● **Brief**:
Pictures are to be left out. Return exactly the lines below from the one with "Woman wearing tiny" up to and including the one with "Furniture transport service Nirjuli to Diu".

═════ Material provided ═════

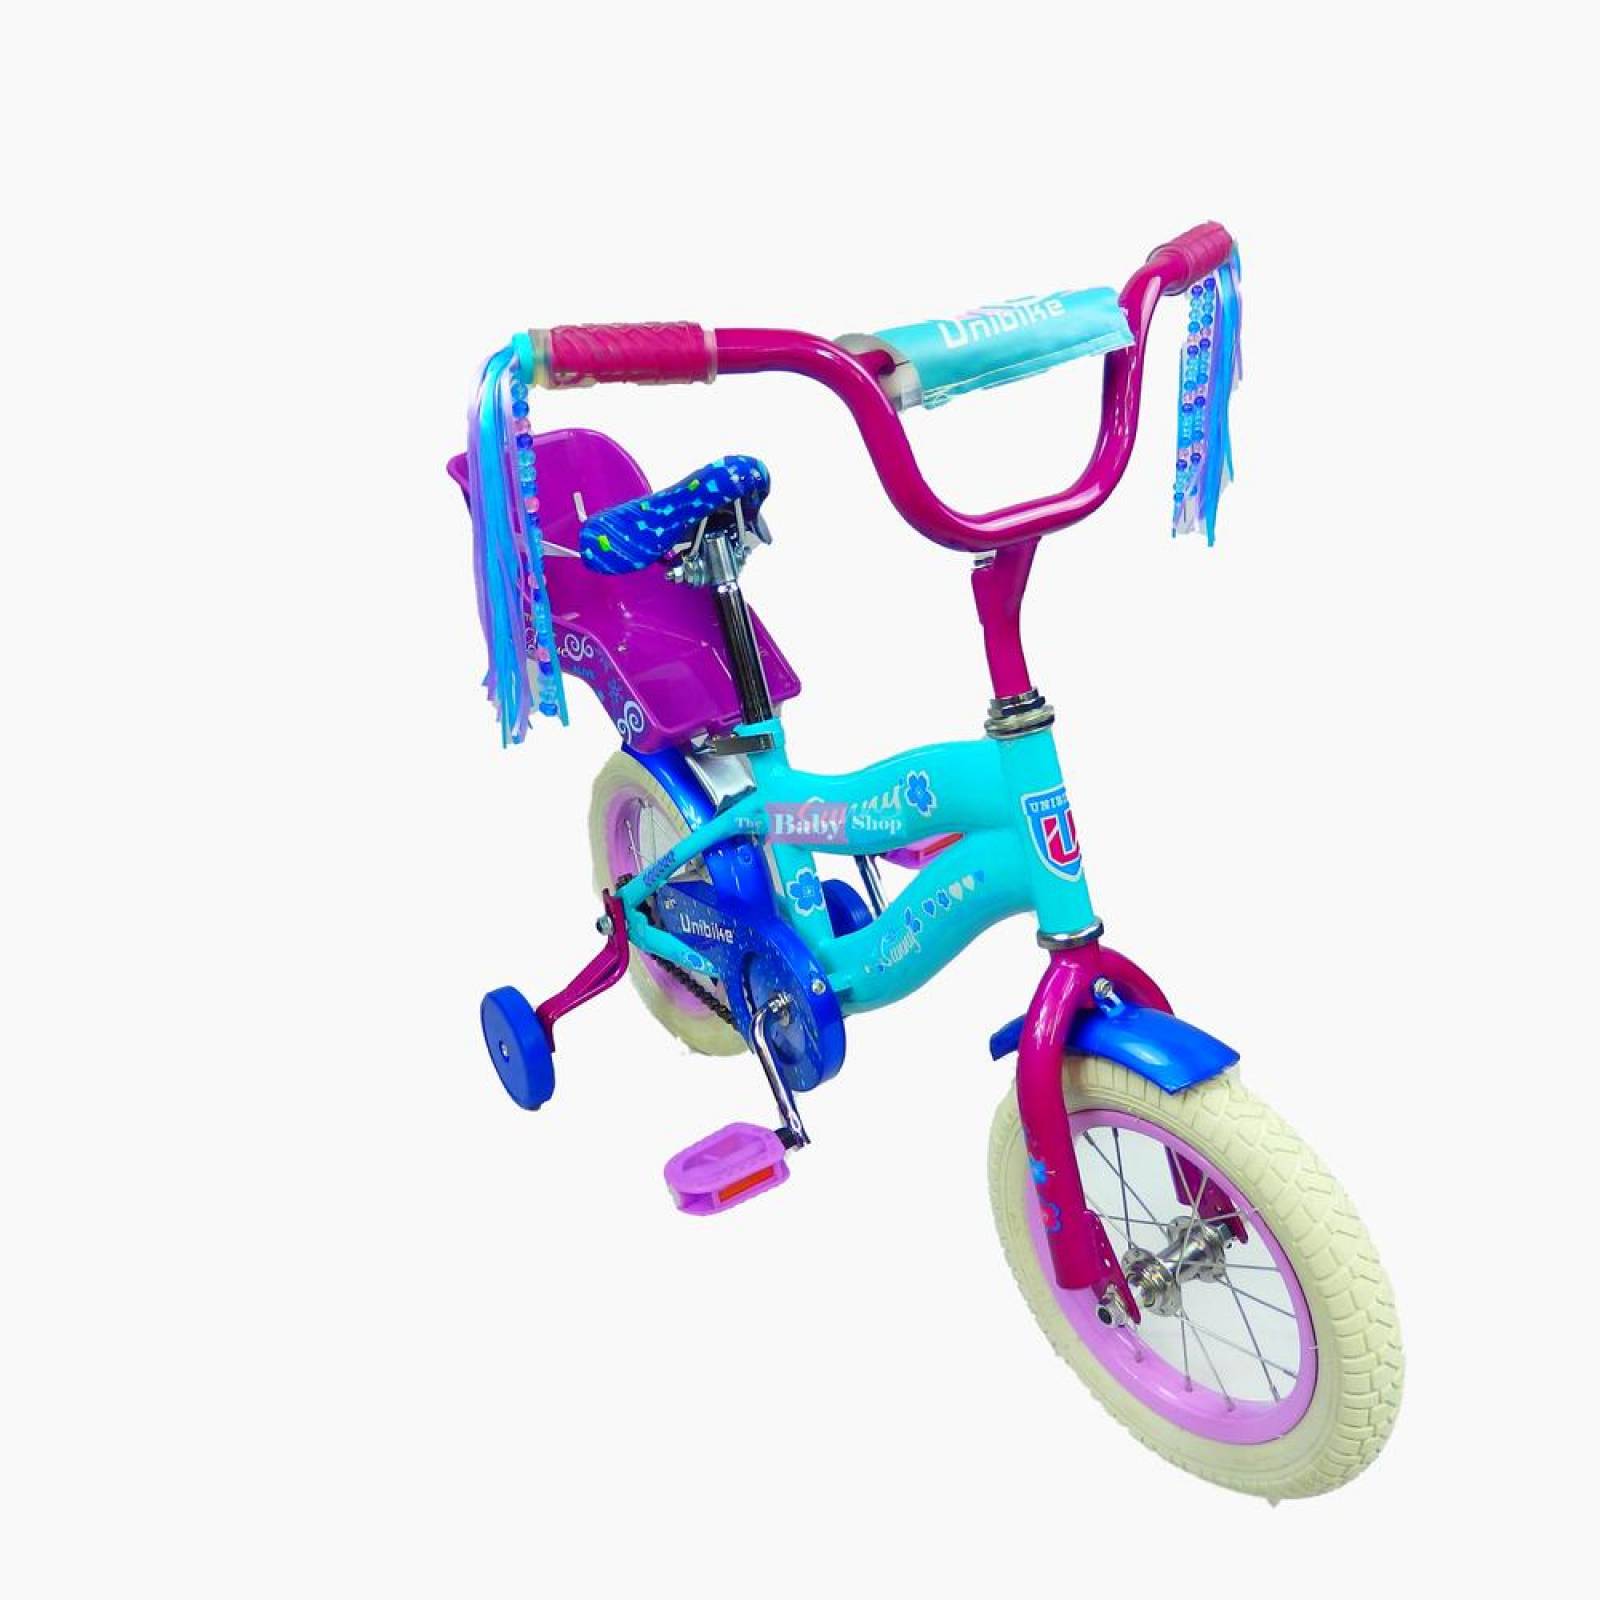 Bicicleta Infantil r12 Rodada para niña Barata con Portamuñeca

═════
═════ Material provided ═════

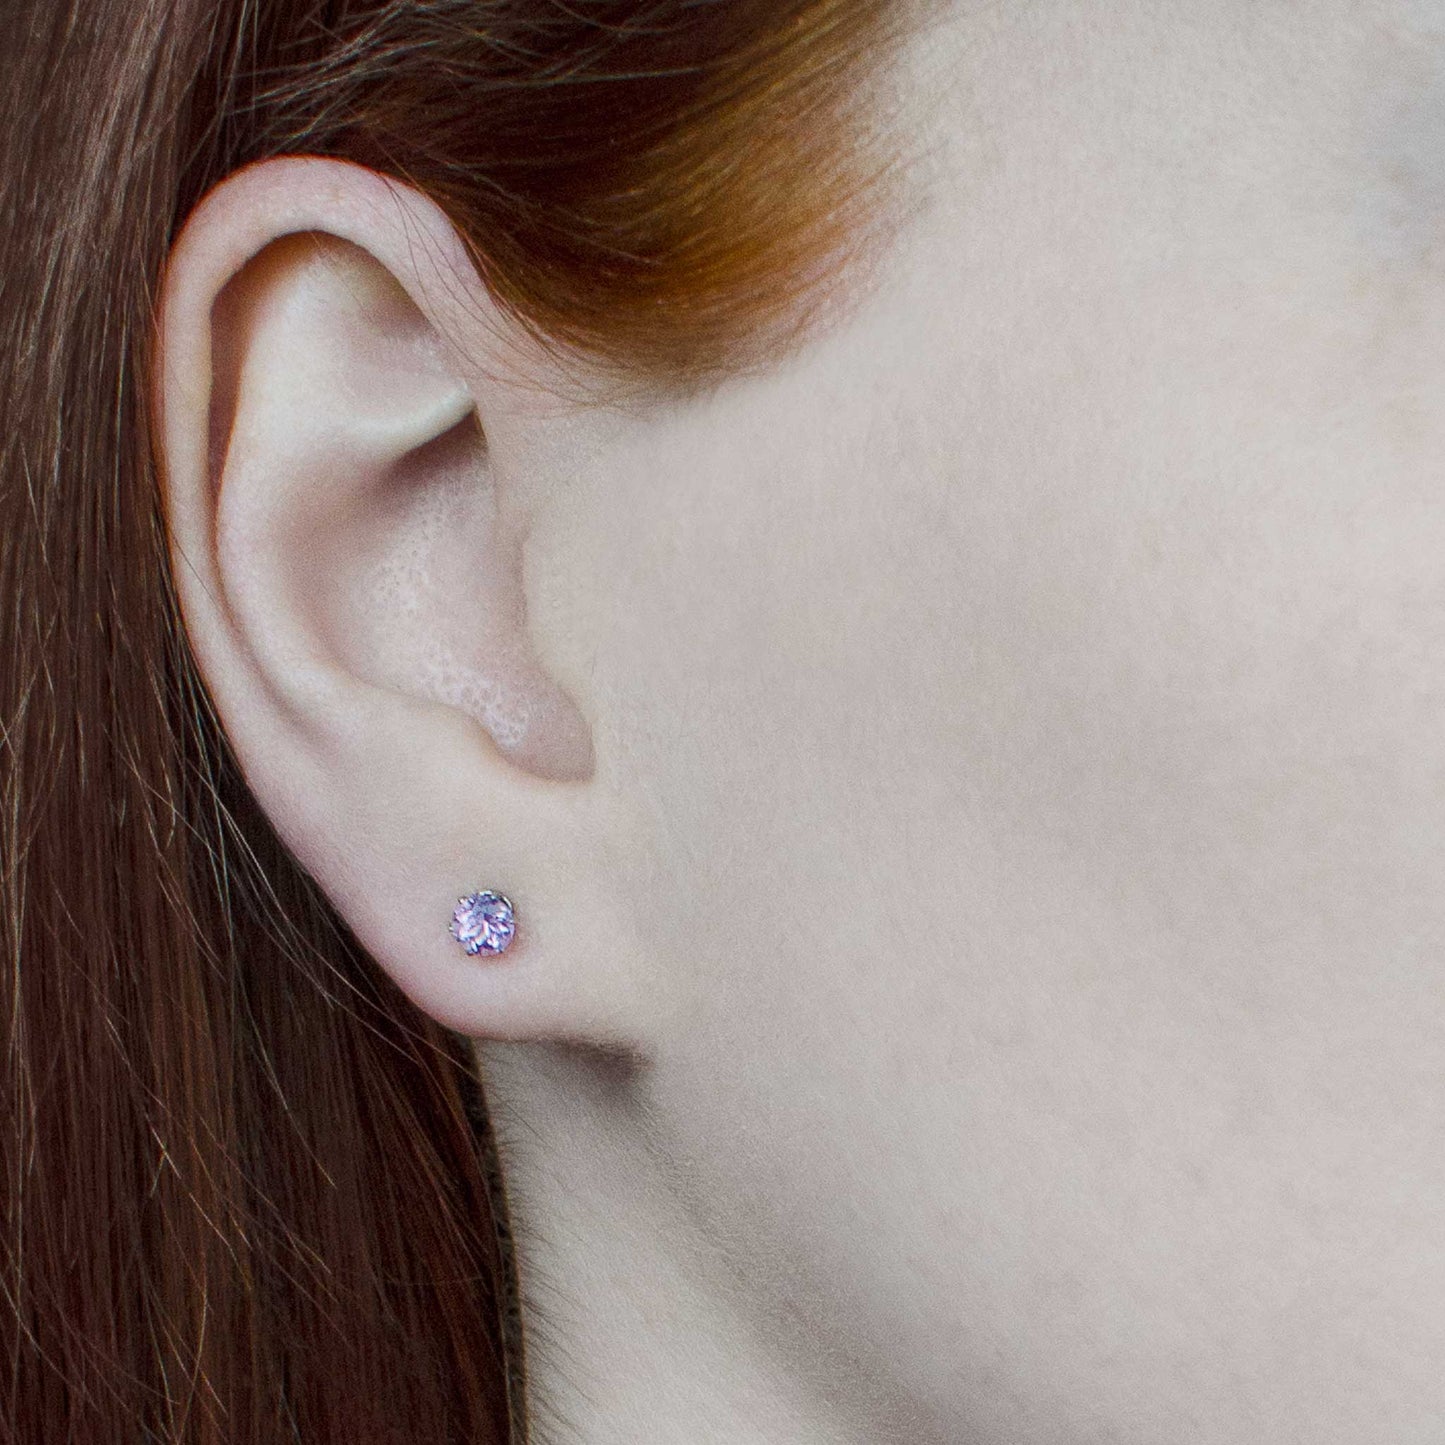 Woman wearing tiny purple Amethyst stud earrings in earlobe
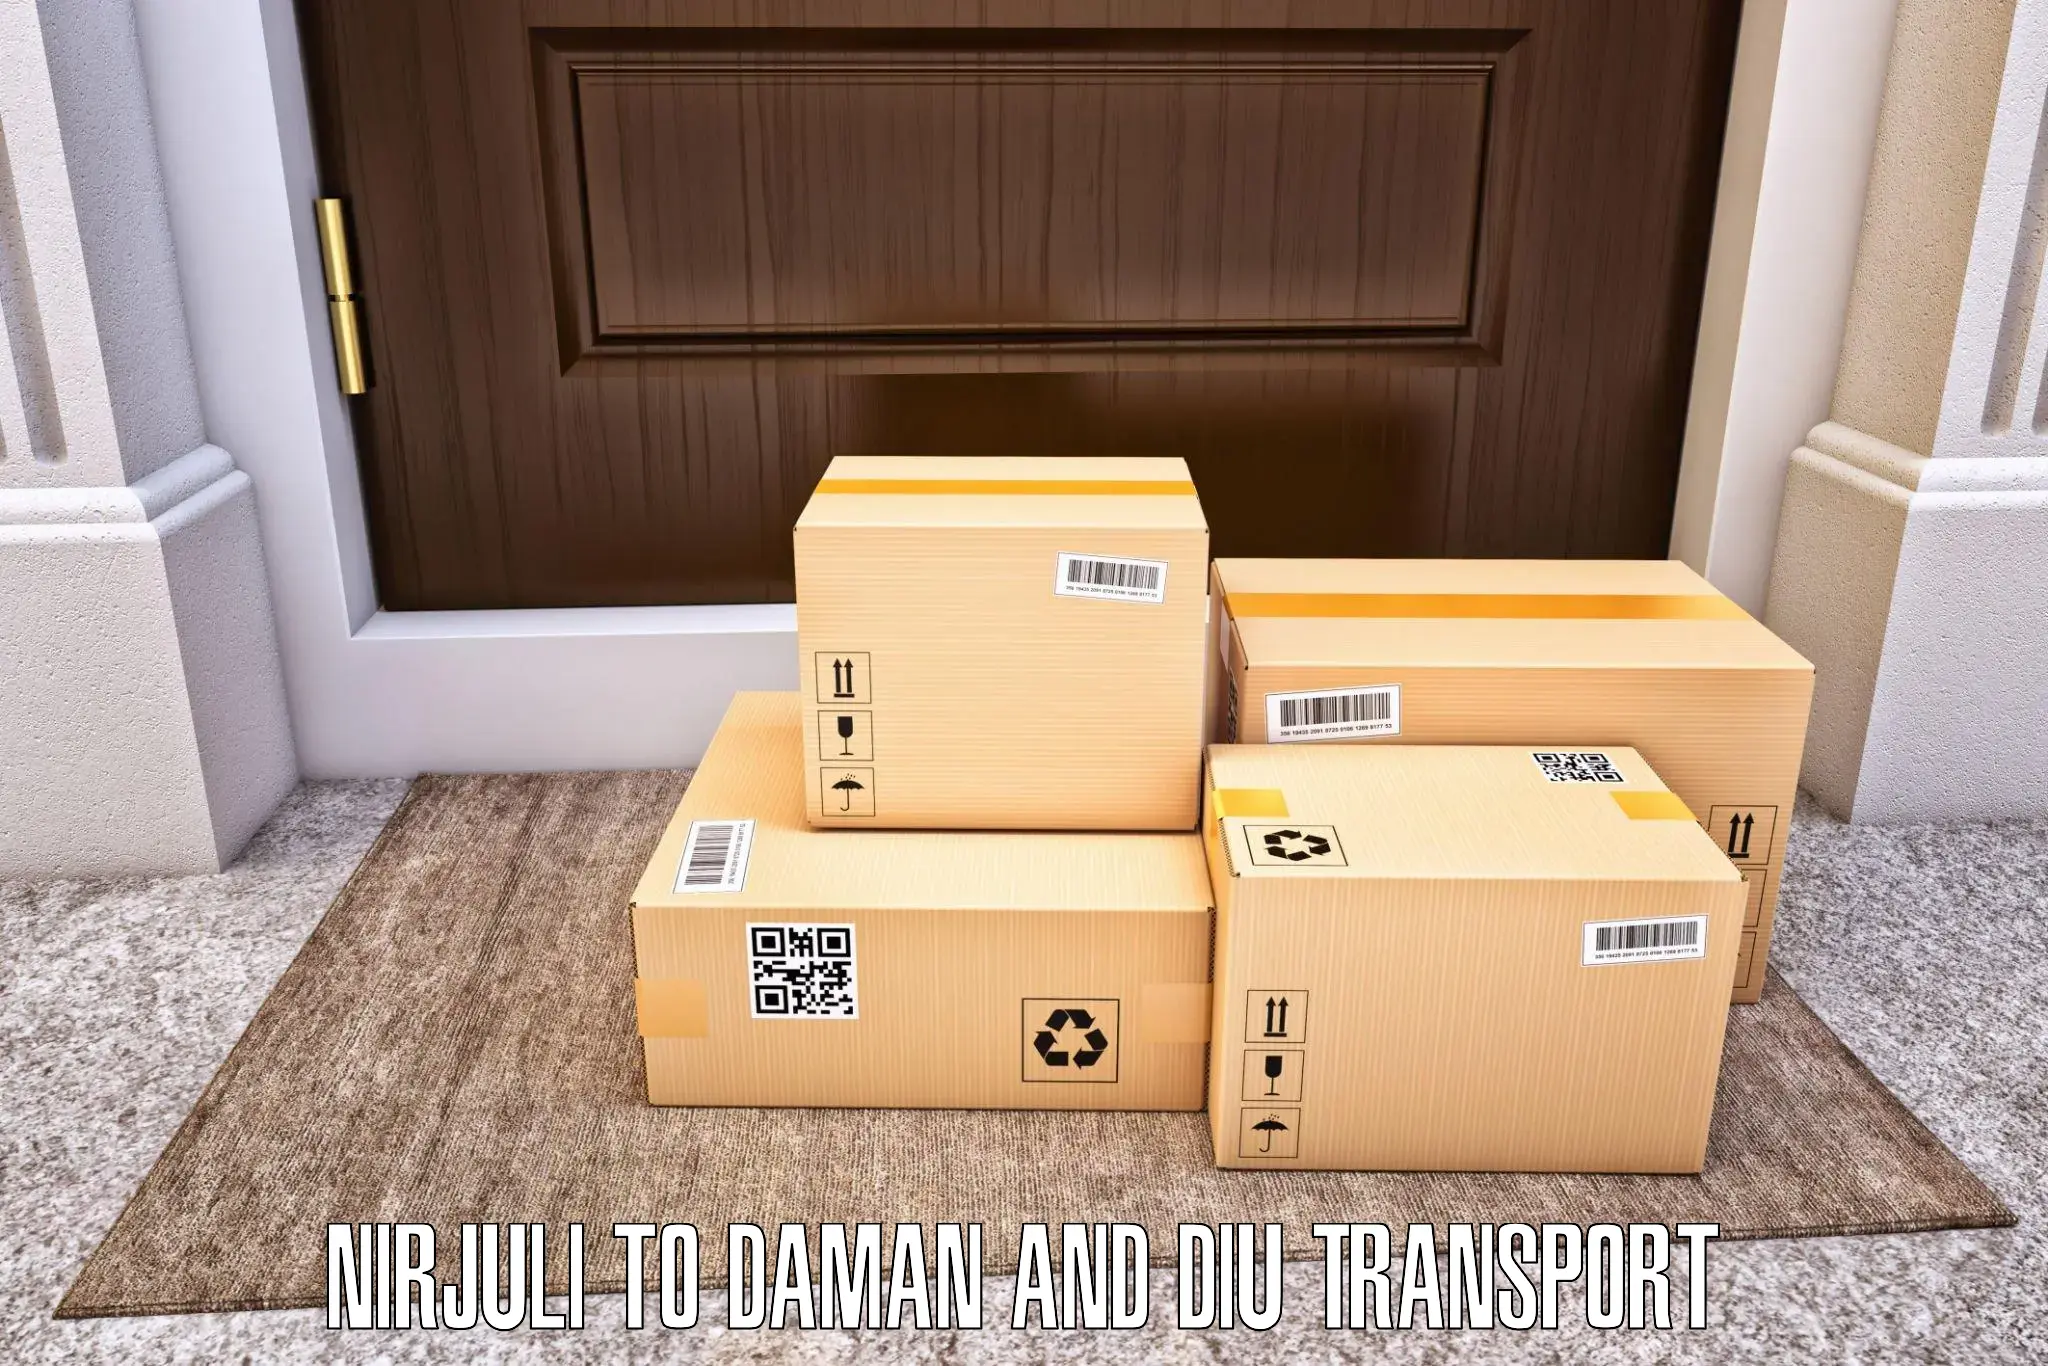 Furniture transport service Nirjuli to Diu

═════

● **Finished task**:
 Woman wearing tiny purple Amethyst stud earrings in earlobe
 Furniture transport service Nirjuli to Diu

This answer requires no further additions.